会長からのメッセージ
技術研究開発と現場実装
─現場から制度・基準を問い直す─
私は行政、大学、民間と立場を変えながら約40年にわたり、主に防災・減災に関する業務に携わり、数多くの技術研究開発とその現場実装にも関わってきました。本稿では、技術研究開発の成果を現場に実装していく過程で成否を分けた要因のうち、特に制度や基準の見直し、関係者の理解と納得が果たした役割に焦点を当てます。具体例として、航空レーザ測量(レーザプロファイラ:以下、LP)及びi-Constructionを取り上げます。
新技術の普及を阻む主要な要因は、既存の制度や基準、運用との不整合、さらには利用者や関係者の理解と納得の不足にあると考えています。優れた技術であっても、基準や運用に適合しない、費用対効果が説明できない、関係者が安心して利用できないといった課題があれば、現場には定着しません。
LPは、広域かつ高精度な三次元地形データを取得でき、浸水想定の精度向上や中小河川の流下能力把握に効果をもたらします(図1)。LPの導入検討を開始した2004年当時には、コスト、作業規程、データ管理など制度面・運用面に少なからぬ制約が存在していました。
当時の作業規程では、LPデータをメッシュデータに変換して利用することが前提でしたが、これでは幅の狭い中小河川の堤防など重要な地形情報が十分に把握できない場合がありました。
そこで関係者と議論を重ねて、点群データを直接活用する方針を示し、業務目的に必要な精度と効率を両立する指針へとつなげました。この過程で重視したのは、従来手法の精度を形式的に踏襲するのではなく、業務目的に立ち返り、必要な性能から要求水準を再定義することでした。
2016年にi-Constructionの立ち上げを担当した際にも同様の構図が見られました。ICTや三次元データの活用は生産性や安全性の向上に直結し得ますが、技術導入だけでは現場は変わりません。大手及び地方の建設会社や建設機械メーカーなどへの徹底した聞き取りを行い、現場の実情を踏まえて方針を定めました。併せて、施策の実施に必要となる15件の基準類を数か月で改定・整備しました。

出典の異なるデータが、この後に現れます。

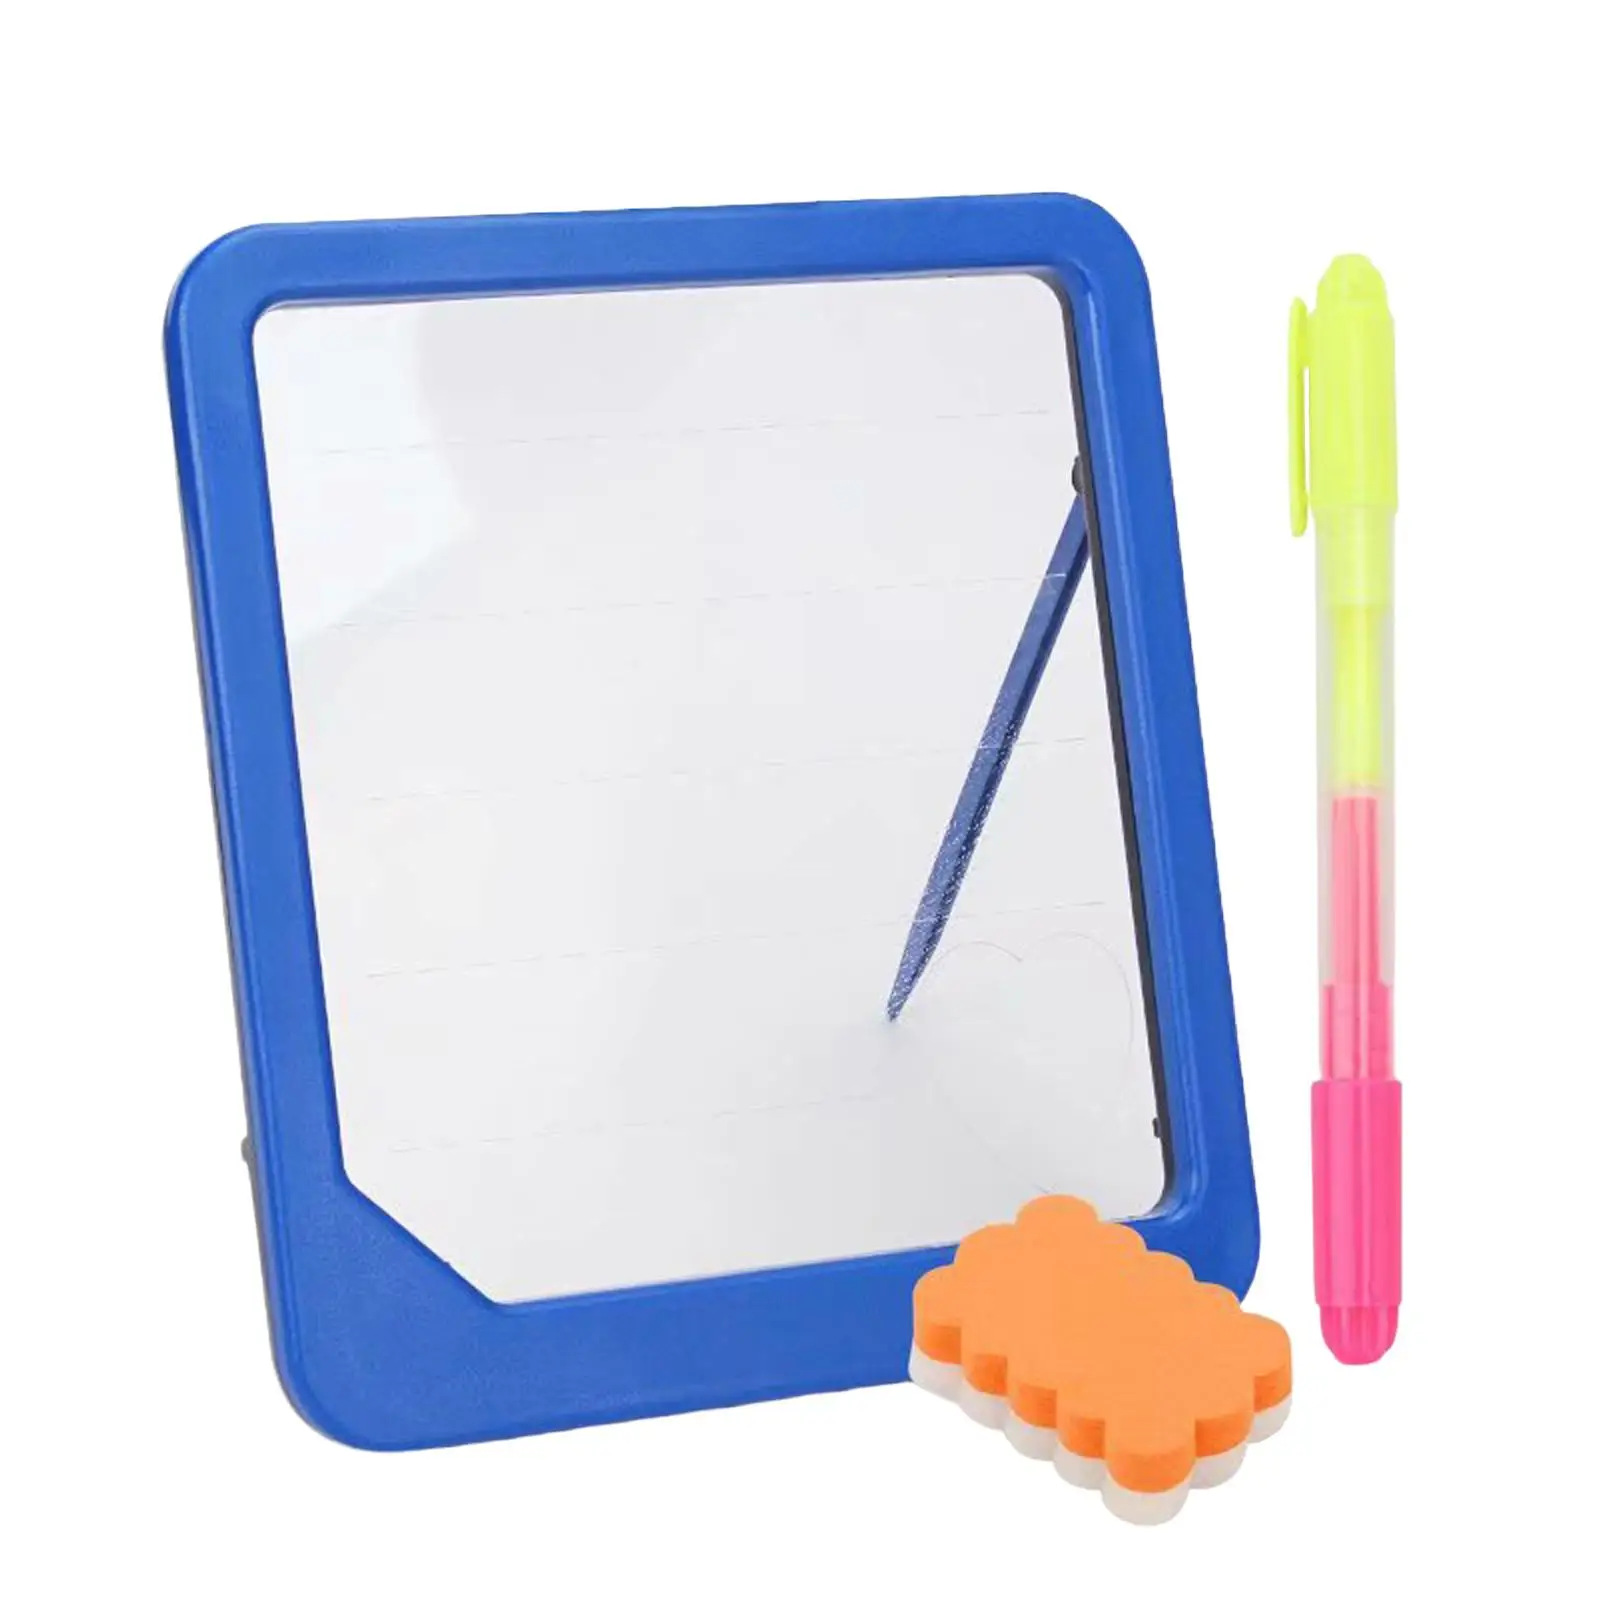 Writing Board Light up Drawing Board Science and Educational Toys Handwriting Child Sensory Educational Toy for Students Kids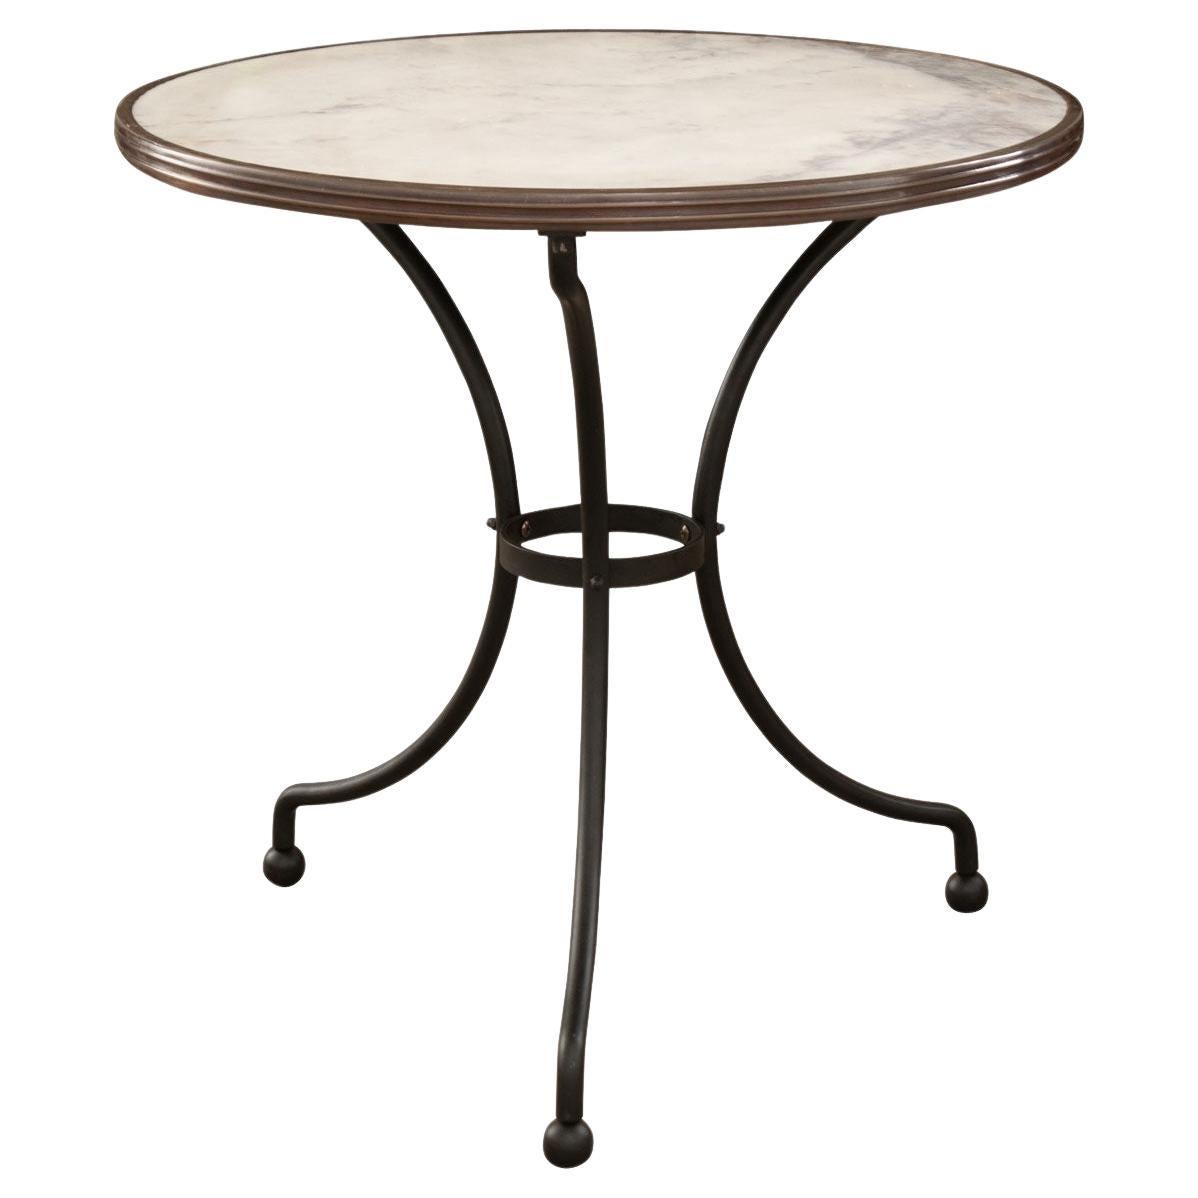 Reproduction French Cafe Table For Sale

その結果、従来当然とされてきた基準などの中に、生産性向上を妨げる要因があることが明らかとなりました。施工会社の現場担当者の意見も踏まえ、UAV写真測量におけるオーバーラップ率の見直しなど、基準の見直しによって必要な品質を確保しつつ生産性を大幅に向上させることが可能となりました。
以上に述べたように、新技術の現場実装には、技術研究開発だけでなく、制度・基準・運用などの見直しと、関係者の理解・納得の醸成が不可欠です。土木技術者は技術を磨くだけにとどまらず、現場で得られる知見を起点として、目的に照らした必要性能の観点から制度や基準の妥当性を点検し、過不足があれば積極的にその見直しを提案していくことが重要です。こうした取組を着実に積み重ねることが、新技術の合理的で実効性のある現場実装を推進し、社会の安全・安心の向上と、生産性及び品質の向上につながるものと考えます。本稿が、新技術の現場実装に向けた取組の一助となれば幸いです。